В иерархии ангелов, Серафимы стоят на самом верху. В книге Откровения они описаны как шестикрылые создания с глазами повсюду. В любом контакте с ангелом в любой из авраамических религий первое, что он произносит – «не бойся!», – жест, который очаровал Ленца. «Какими бы прекрасными не были ангелы, они, несомненно, столь же пугающи», – говорит он. День за днем, он обследует деревья вокруг своего дома в надежде встретить сову, и каждая встреча оказывается сюрпризом.
По ходу дела ему начала открываться остальная часть работы. Огайо на его фотографиях выглядит загадочным лабиринтом, леса его – очарованными, а совы – существами из иного мира. По дорогам проезжают коляски Амишей и их тягловые лошади, что добавляет работе реальности. В лесах мало что может ускользнуть от внимания Ленца. В подлеске растут грибы сморчки и лисички, с дерева сползает змея, а на пути фотографа могут встретиться опоссумы, кролики. Бобры и медведи – в разное время года.
Книга колеблется между изумлением перед сложностью макрокосма – и бесконечно малой жизнью насекомых. На одной фотографии, богомол ест бабочку, огромные глаза насекомого смотрят в камеру. На другой, гусеница прокладывает путь через помидоры в саду. Сфера животных, сфера людей и сфера небес кружатся и сливаются в тихом крещендо.

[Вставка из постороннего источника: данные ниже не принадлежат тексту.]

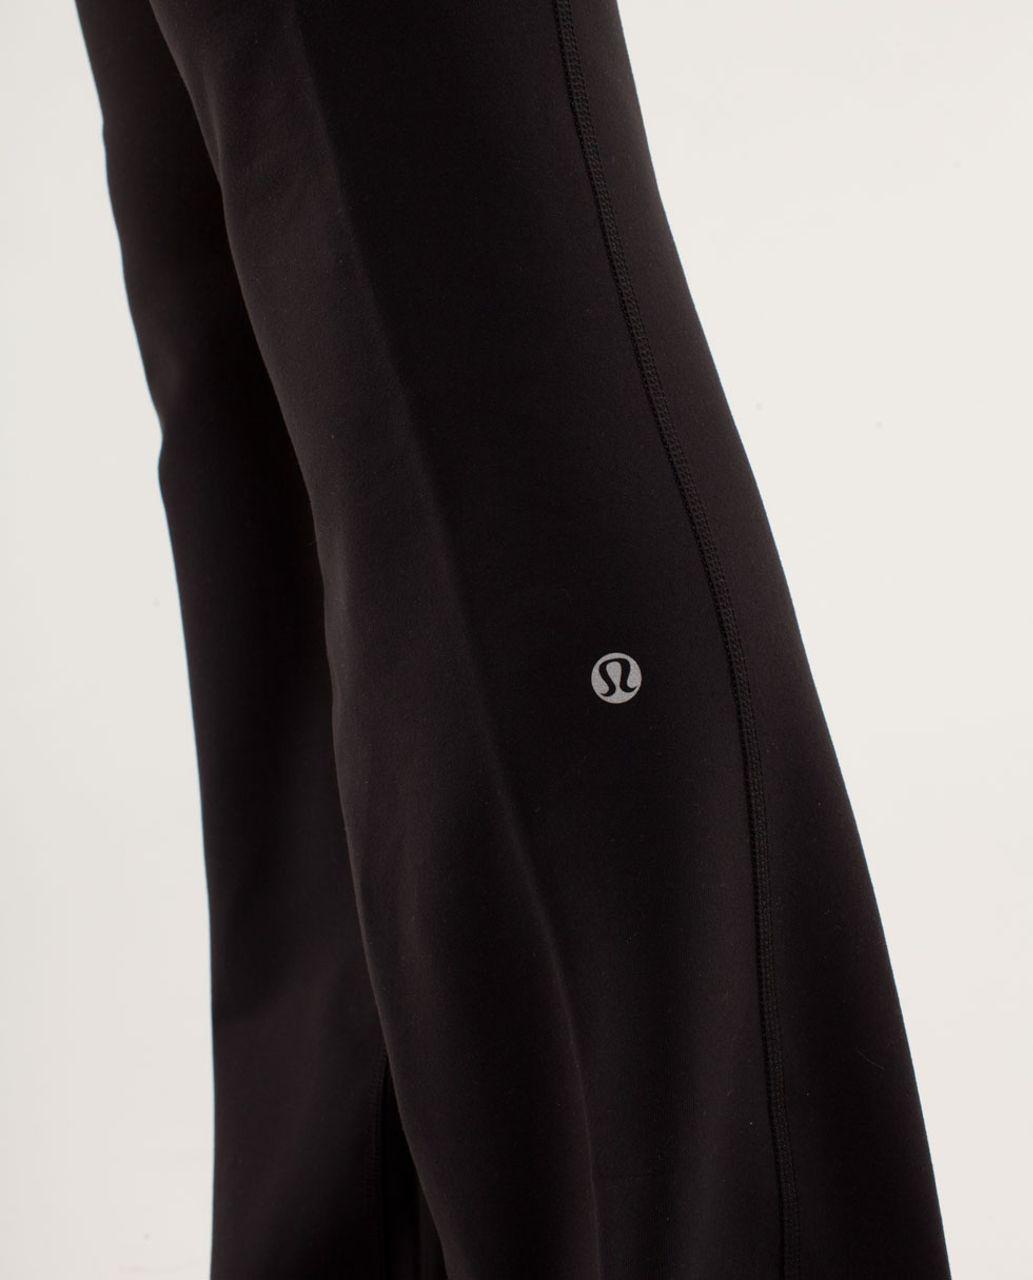 Lululemon Groove Pant *Slim (Regular) - Black /  Quilting Winter 12

Рядом с Ленцем – его дети, которых он снимает бегающими в лесу, играющими вокруг дома, и плавающими в заливе. Так же уверенно, как он говорит о своем увлечении совами, мы можем сказать, что он – отец, полно представленный в жизни своих детей. Отец, который старается разделить с ними свой чудесный мир, и они, в свою очередь, делятся с ним своим. Снова параллели между искусством и жизнью размываются, когда Ленц раскрывает сходство между созданием искусства и воспитанием ребенка. Пока ребенок маленький, родители выбирают дороги в жизни и решения зависят от них. Но по прошествии времени, личность ребенка развивается, пока наконец, он не начинает самостоятельную жизнь. Так же обстоит дело и с работой – вы «сеете» замысел, и по прошествии достаточно долгого времени он вырастает во что-то, о чем вы не догадывались.
Через трудный процесс отказа от того, что, как он думал, было его мечтой, Ленц пришел к открытию, что независимо от того, что является объектом, искусство – это видение с намерением. «Цель работы – в интимности опыта», – говорит он. «Это не получение картинки самой по себе. Картинка – это результат стремления всей моей жизни к тому, чтобы подойти к этим вещам так близко, чтобы почувствовать, что в мире еще живо волшебство». Иными словами, фотография – это побочный продукт, а не конечная цель. Все образы в «Серафиме» сделаны художником, полностью погруженным в то, что находится прямо перед ним, и который, через терпение и внимание, раскрывает мир, полный очарования.